The mashed potatoes turned out incredibly well.  I used a margarine replacement product which oddly tastes better than actual butter.  To make up for the lack of creaminess, I roasted some garlic, smashed it up, and mixed it into the potatoes.  Don’t know how to roast garlic?  Well, heat your oven up to about 475, drizzle oil over a head of garlic, cover in tin foil, and leave in the oven until  soft.  I often roast garlic in my apartment just for the smell.  Actually, I don’t ever do that.  It just sounds nice.  But yeah, the potatoes were delicious with only garlic, salt, and pepper.

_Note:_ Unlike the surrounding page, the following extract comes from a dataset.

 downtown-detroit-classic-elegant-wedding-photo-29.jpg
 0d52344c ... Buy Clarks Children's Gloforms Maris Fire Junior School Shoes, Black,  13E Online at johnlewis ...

The garlic bread is just a store bought loaf baked at 375 until crispy.  I cut it up, put the pieces in a pan heated up with olive oil for about 30-45 seconds on each side to add a little crispyess, and rubbed with a clove of garlic.  If you’re a fan of garlic like I am, this is a great way to make your own garlic bread with as much garlic flavor as you like.

If you’re interested in trying these out, he’s my recipe.  I don’t usually eat anything resembling this meal, but if you’re interested in trying something new this is a good way to start.  If you would’ve told me a few months ago that I would be attempting to cook vegan, I would’ve laughed at you.  Buuuut, the ladies will make you do weird things.

Oh, and for the first time I actually measured everything.

INGREDIENTS

Makes 12 small patties, or 4 large ones.

– 1 tbsp olive oil
– 1/4 cup diced onion
– 1/4 cup diced green pepper
– 1 celery stalk, diced
– 2 cloves minced garlic
– 1 280z can chickpeas (drained)
– 1 tsp thyme
– 1 tsp paprika
– 1 tsp cumin
– cayenne pepper – I used about 2 tsp, but I like things spicy.
– dash hot sauce – Again, I used more but I like things spicy
– 2 tbsp chopped fresh parsley
– 2 tbsp flour
– 1 tbsp cornstarch
– salt and pepper to taste
– olive oil for cooking

COOKING

1. Heat the olive oil in a frying pan over medium heat. Saute onion, green pepper, garlic and celery until softened/browned. Enjoy the smell of your home.  Remove from heat.
2. Place the chickpeas in a food processor along with the onion mixture. Pulse until chickpeas are no longer whole, but don’t process them too much. Place chickpeas in a bowl and add spices, hot sauce, and parsley. Mix well. Add flour and cornstarch and mix well. Place in the fridge for 30 mins or so.
3. Heat oil in a frying pan over med/med-hi heat. Shape chickpea mixture into 12 or 4 patties and fry in batches, about 2-3 mins per side, or until crispy and browned. Flip a few times if they are browning too quickly. If you have trouble forming the patties, add some more cornstarch to hold it all together.
One thing I should mention is that if you have trouble with the inside being a bit too mushy, cook the patties in the oven on 350 degrees for about 10 minutes before frying.  This will give you guaranteed even cooking all the way through.